Home > The Scam (Fox and O'Hare #4)(11)

The Scam (Fox and O'Hare #4)(11)
Janet Evanovich, Lee Goldberg

If Nick had chosen craps, Kate would have been lost, but she figured she could handle blackjack. The goal, for both the player and the dealer, was to get as close as possible to twenty-one without going over. Simple, right?

Nick placed fifty thousand dollars on each of the three betting circles on his side of the table. Kate did the same on her two spots and broke into an immediate sweat. There was a lot of money on the table. Money for which she was more or less accountable.

The dealer smiled and patted the table. “Good luck.”

She dealt the cards from a six-deck shoe. There were two cards dealt face up for each of their five playing positions. The dealer showed a four.

Kate had a sixteen on one of her hands and a seventeen on the other. She decided to stand.

Nick had a nineteen, an eighteen, and a twenty.

The dealer flipped her hole card. It was a six. The dealer dealt herself another card. It was a ten, giving her a total of twenty. The dealer winced politely, and swept up their chips.

Poof. Their two hundred fifty grand was gone.

It wasn’t Kate’s own money, but she couldn’t help thinking of all the things that she could have bought with it. A house in Las Vegas.
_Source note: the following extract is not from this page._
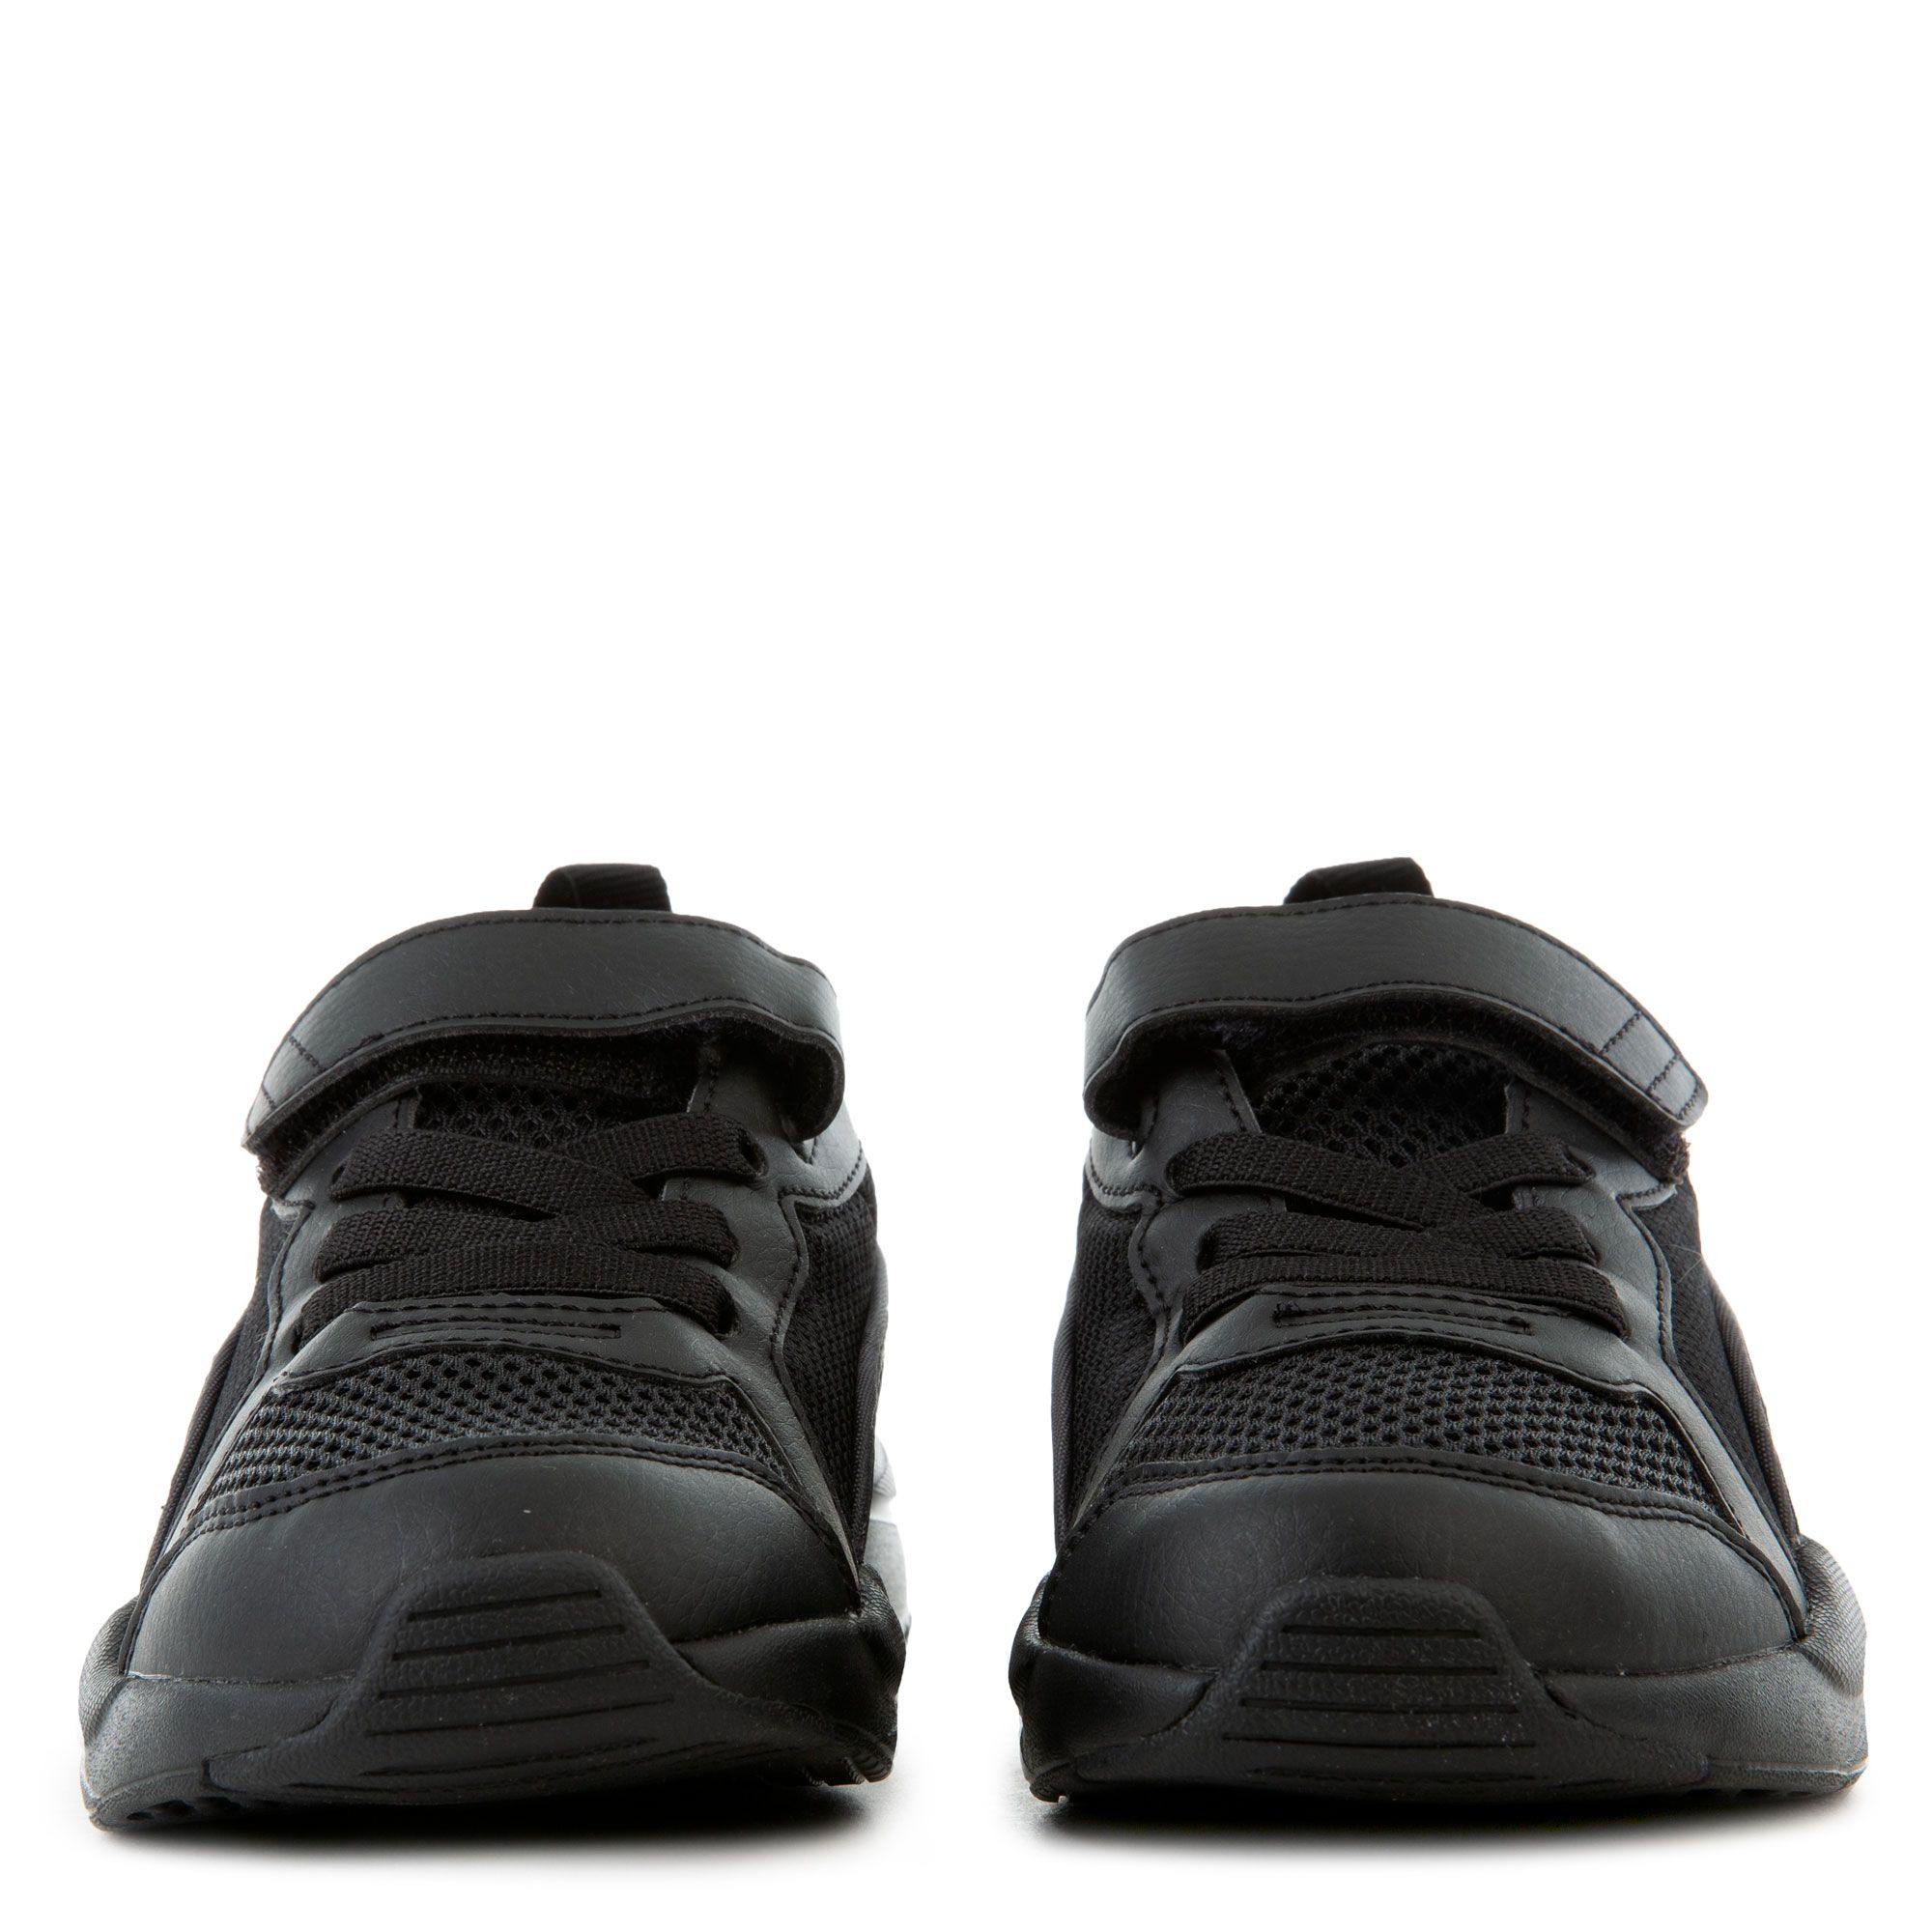 P-N37 (X-Ray ac ps Children puma black/dark shadow) 121993500 - Otahuhu Shoes

Or a Lamborghini Gallardo. Or fifty-four thousand In-N-Out double-double cheeseburgers. Instead they had bought two mighty expensive drinks.

“With the way things are going we could be done early and need a couples massage,” Nick said to Kate. “Do you remember the conversation we had in the elevator?”
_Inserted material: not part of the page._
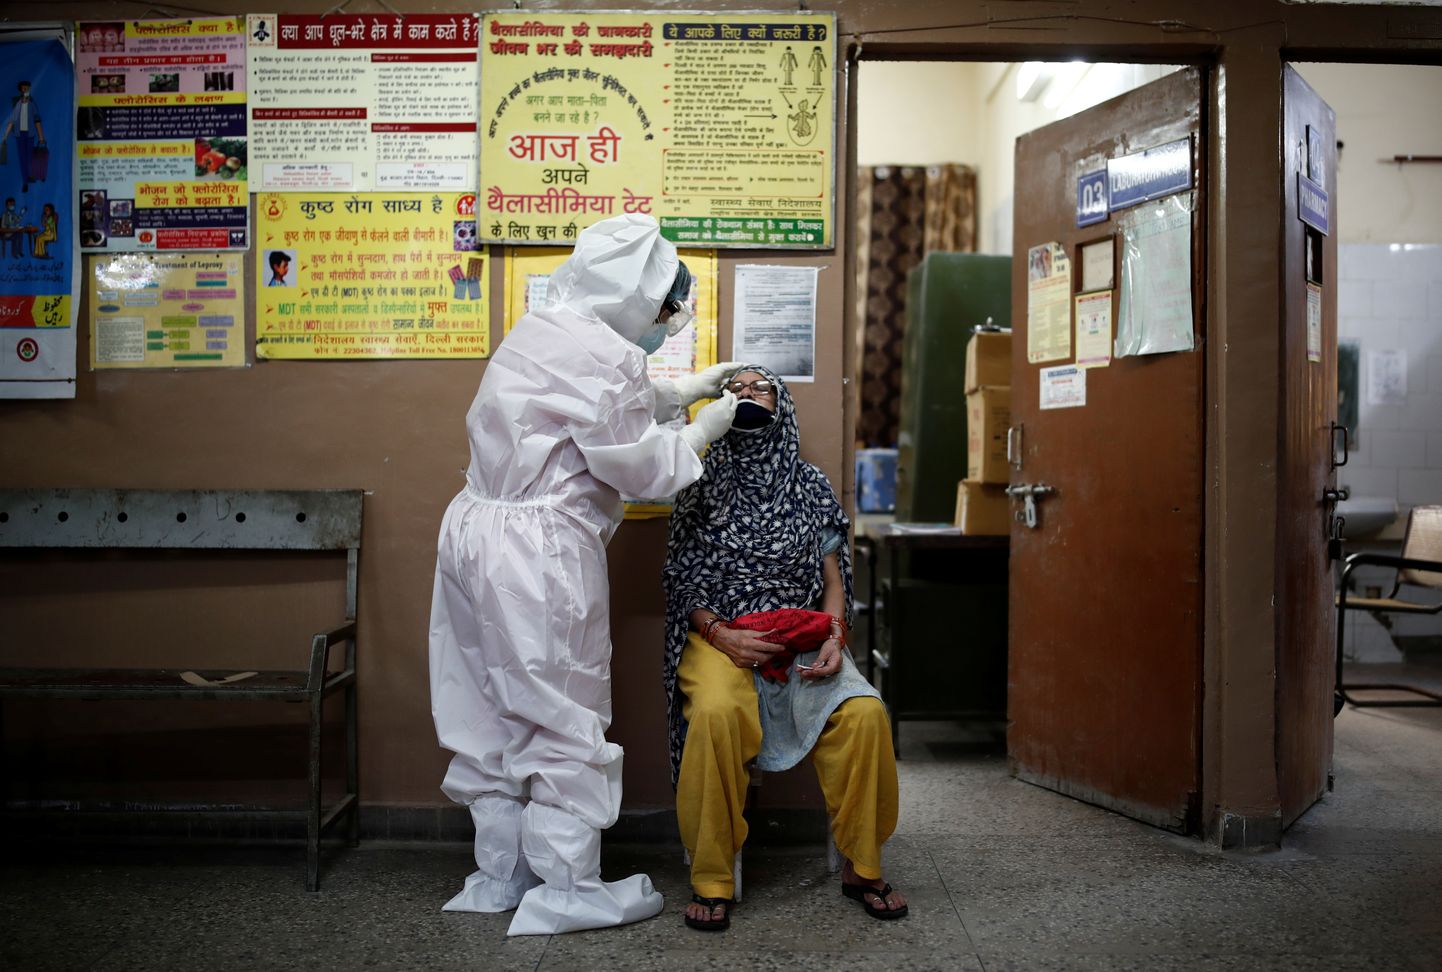 Kaitseülikonnas tervisetöötaja kohalikus tervisekeskuses koroonaproovi võtmas. New Delhi, India, 7. august 2020.

“And I think I’ll stick with the game for a while longer.”

After a half hour of play, Nick and Kate were up $1.5 million, and Kate was into the game, riding on a steady drip of adrenaline and her competitive nature. She put $250,000 down on each of her spots, and at the bar behind them, Goodwell picked up the receiver on a red telephone and made a call.

One floor below the casino, at the end of a long hallway, behind a door marked “Customer Relations,” a wall-mounted telephone rang. Evan Trace stepped out of the shadows and answered it. His face was meticulously unshaven and the sleeves on his handmade monogrammed white shirt were neatly folded up to the elbows.

“This is Trace.”

“We’ve got a couple whales up here,” Goodwell said. “Nick Sweet and Kate Porter. They’ve taken a blackjack table and are betting two hundred and fifty thousand a hand. They’re up one and a half million at the moment and they don’t show any signs of slowing down.”

“What do we know about them?”

“They came into town from L.A. on a private jet, walked in the door with five million dollars in cash, and booked the presidential suite for the night,” Goodwell said. “That’s it.”

“I want to meet them.”

“I thought you would,” Goodwell said.

“Invite them to my private dining room for a drink when either they’ve tapped out or we have.”

Trace hung up the phone. He wasn’t concerned about the couple winning, even if it added up to tens of millions of dollars. He was a firm believer that his profits came from the winners, not the losers. The winners always came back for more, giving up what they’d won and then some. He knew that from personal experience, which brought him back to the task at hand.

He turned to the center of the windowless room. The only furniture was a stainless steel workbench and the chair behind it. They were placed under the room’s single light fixture, a naked bulb that hung on a wire from the ceiling. A sandy-haired man in his late twenties sat in the chair. He was good-looking enough to be a model, or at least he had been before the beating. His eyes were swollen nearly shut, his lips were split, and his nose was bleeding.

Trace stepped up to the table and looked down at the terrified man. “You made a mistake, Stan.”

“I know that,” Stan said, his voice wavering, and glanced fearfully to his right, where another man stood in the shadows. “Mr. Garver can stop hitting me now.”

Garver was also in his shirtsleeves and was wiping Stan’s blood off his huge, meaty hands with a towel. His face looked like a head of cauliflower, the result of the beatings he’d taken prizefighting in his youth. He also had thick calluses on his walnut-sized knuckles, the result of the beatings he’d inflicted in the forty-odd years he’d spent in customer relations.

“I run an honest casino,” Trace said. “Sure, we give the players free booze to make them careless, but we never cheat them. We expect the players to treat us with that same respect. You didn’t do that, Stan. You cheated.”